Recuerdo pasar las hojas con pecaminosa prisa. Por entonces, el sexo todavía producía muchas risitas, aunque era mayor la incomodidad de nuestros padres que la nuestra. Más que protegernos ellos del sexo, hacíamos lo contrario: escondíamos nuestras inquietudes, nuestras pajas, porque entendíamos que el tema sofocaba y angustiaba a la generación que creció con la idea de que el sexo era una cosa sucia, de la que mejor no se hablaba.

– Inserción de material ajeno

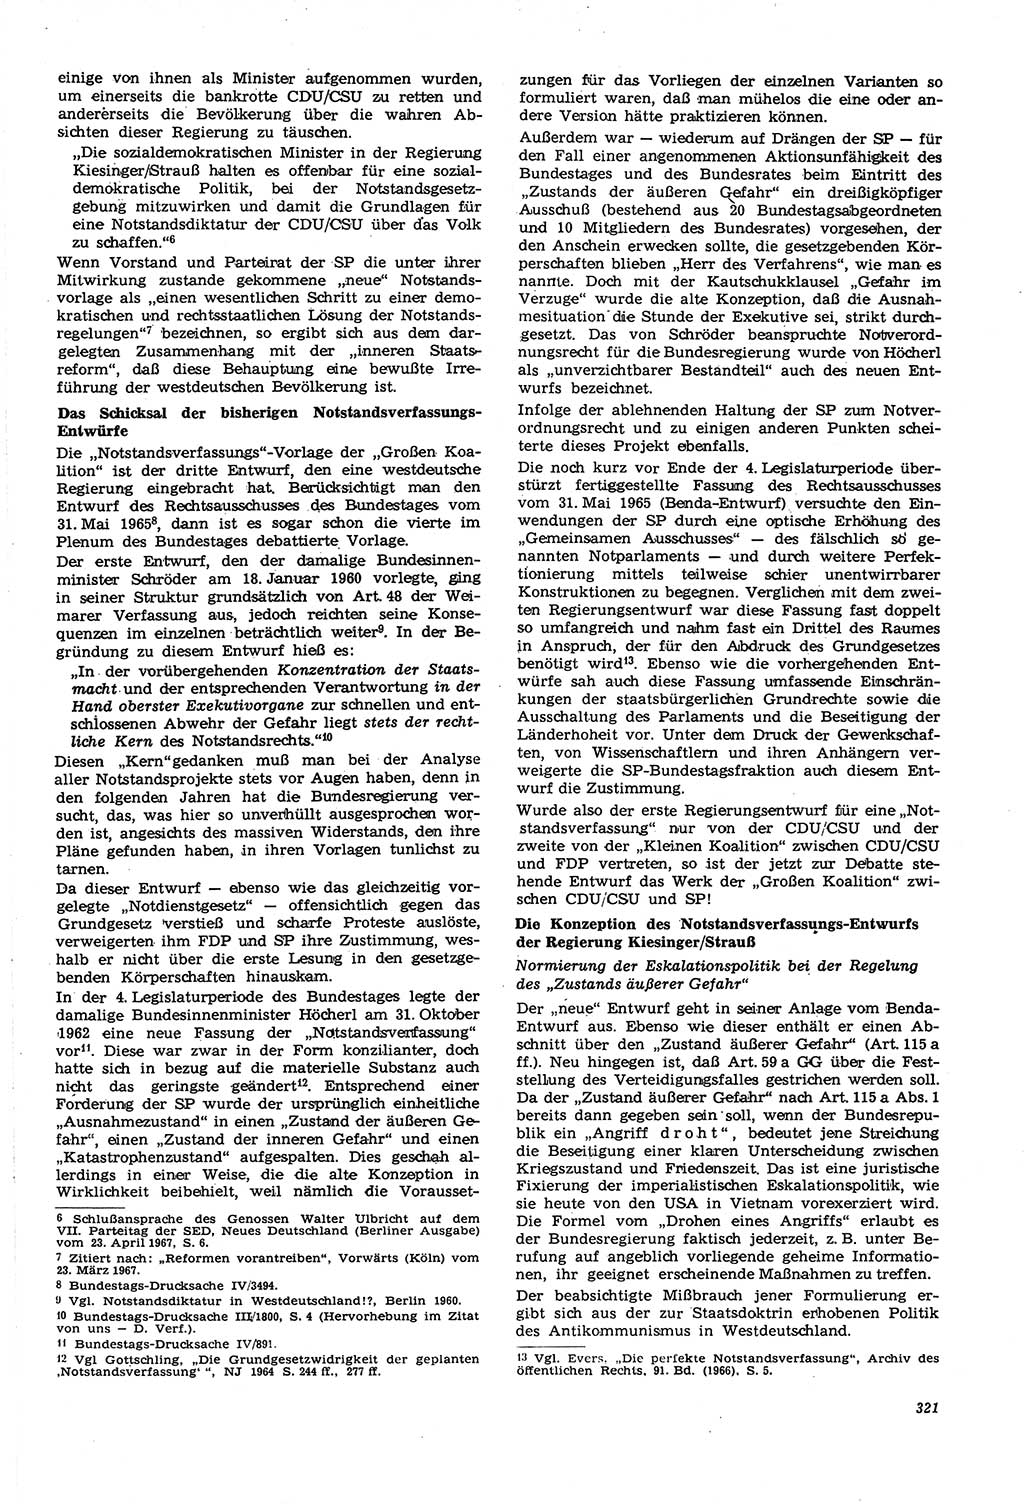 Neue Justiz (NJ), Zeitschrift für Recht und Rechtswissenschaft [Deutsche Demokratische Republik (DDR)], 21. Jahrgang 1967, Seite 321 (NJ DDR 1967, S. 321)
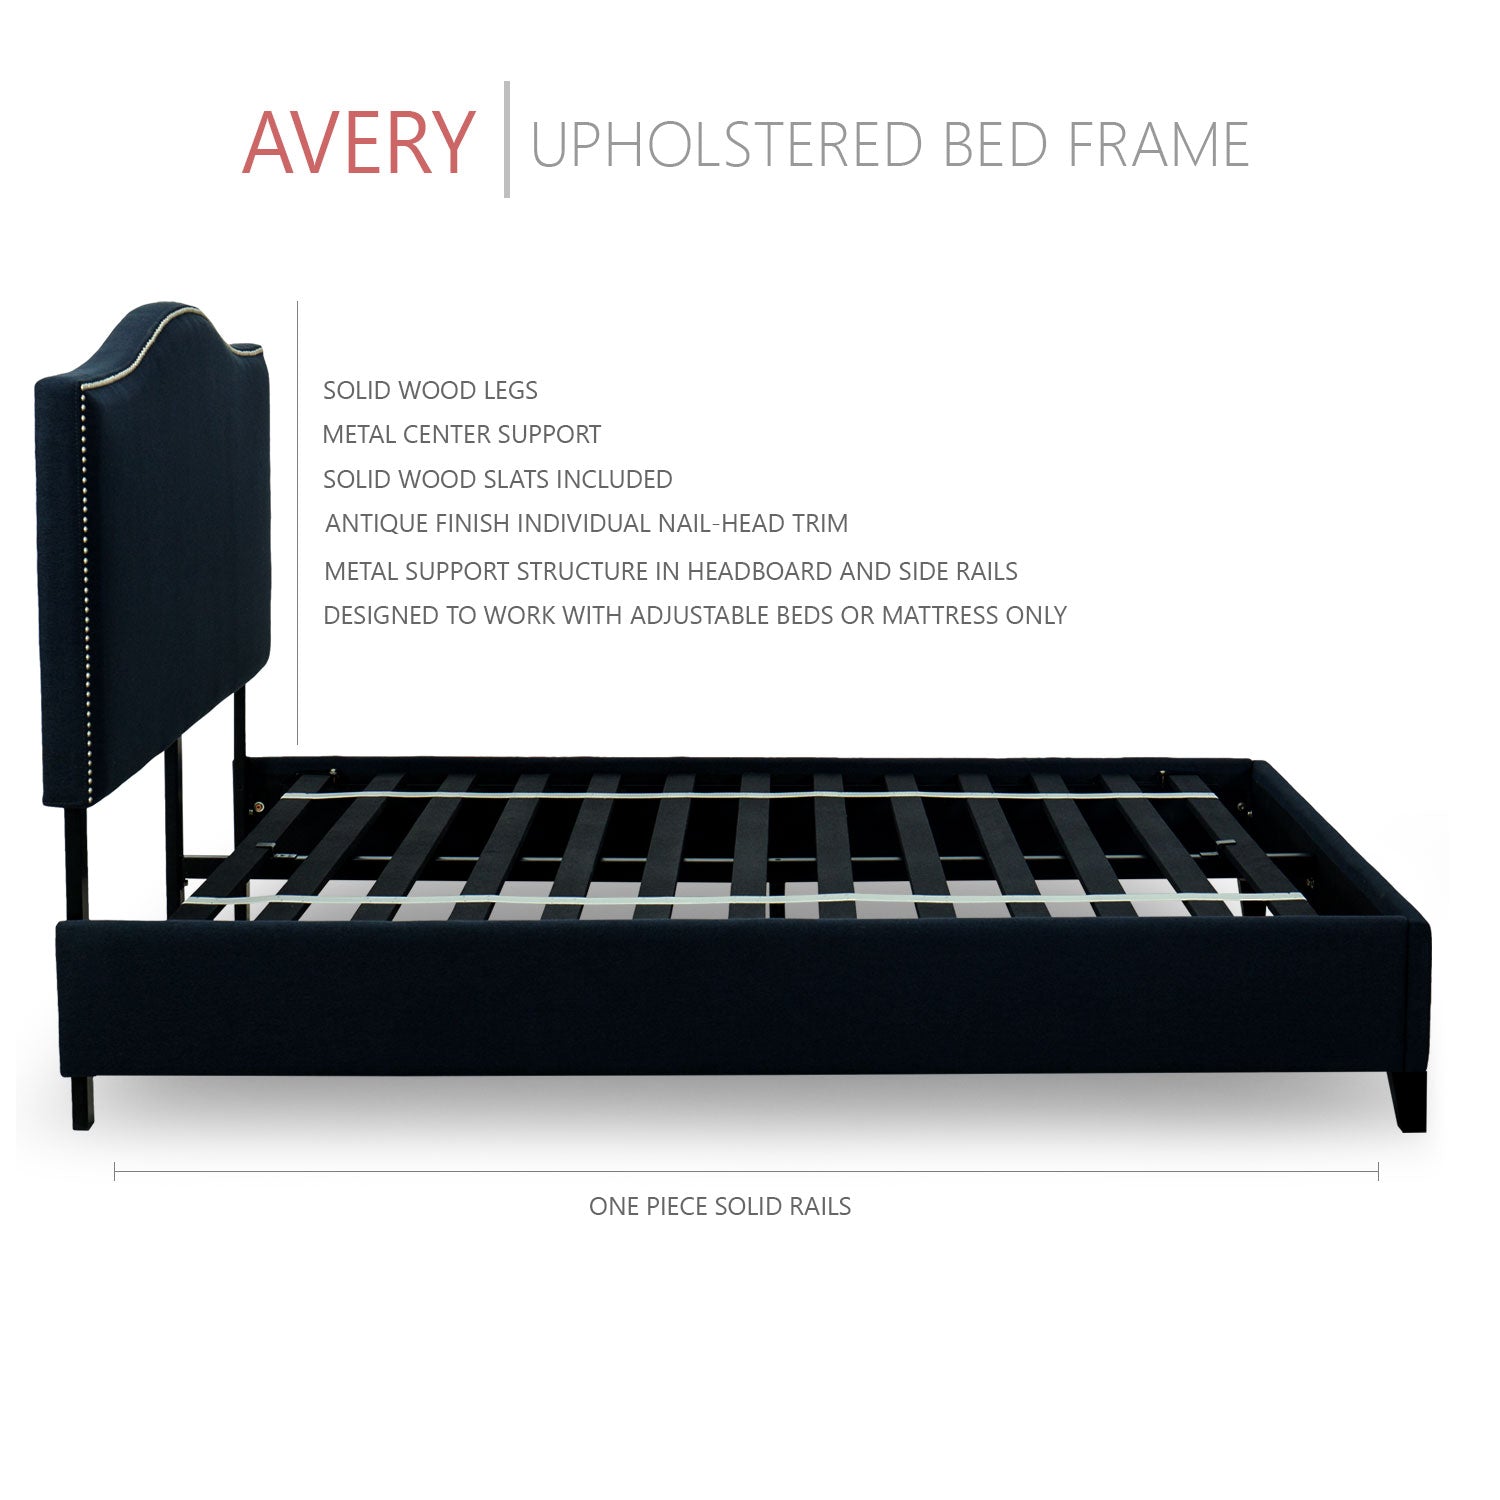 Avery Upholstered Platform Bed, 50" Tall Headboard - Midnight Blue Denim - BlissfulNights.com

Pero ahí estaba ese libro.
Mi padre debió tener muchos enigmas acerca de la sexualidad y, por eso, adquirió ese volumen. No sé si lo haría en busca del erotismo o para responder a sus quimeras. Porque fuera el sexo sucio o no, había que hacerlo. Para tener hijos, para hacer feliz a la esposa, para atreverse a ser feliz uno mismo.
Recuerdo algunos fragmentos del libro. "Los amantes entran en estado de nirvana". Así describía una de las fases del coito.
Esto debí leer después del suicidio de Kurt Cobain, porque la palabra "nirvana" no me era ajena. El tono del libro era horrendo por aleccionador y moralista; estaba escrito por un médico que más bien sermoneaba. Tenía un apartado delirante dedicado a las "perversiones sexuales", donde no faltaba la homosexualidad. Aún no tenía demasiado clara la mía y aquello ya me resultó descacharrante por ofensivo.
Me masturbé con la descripción que hacía del coito. "Los amantes entran en estado de nirvana". Me imaginaba a mí mismo follando e inclinando la cabeza hacia atrás, de absoluto y puro placer, ascendiendo a lo metafísico.
Antes del porno, los libros eran la única manera de conocer el sexo sin practicarlo. En épocas reprimidas, en edades no autorizadas, más aún. ¿A quién le vas a preguntar? Sólo los libros tienen todas las respuestas. Tienen hasta lo que no quieres saber.
De aquella época, también recuerdo un pasaje de El ladrón de cuerpos, de Anne Rice, en el que Lestat le hace un cunnilingus a una mujer. Que lo recuerde tan vívidamente es significativo, porque es algo que jamás he hecho ni tengo intención de hacer.
De manera curiosa, el libro que estoy leyendo ahora, Cuando cae la noche, de Michael Cunningham, también tiene un episodio de cama donde se describe a un marido practicándole sexo oral a su esposa.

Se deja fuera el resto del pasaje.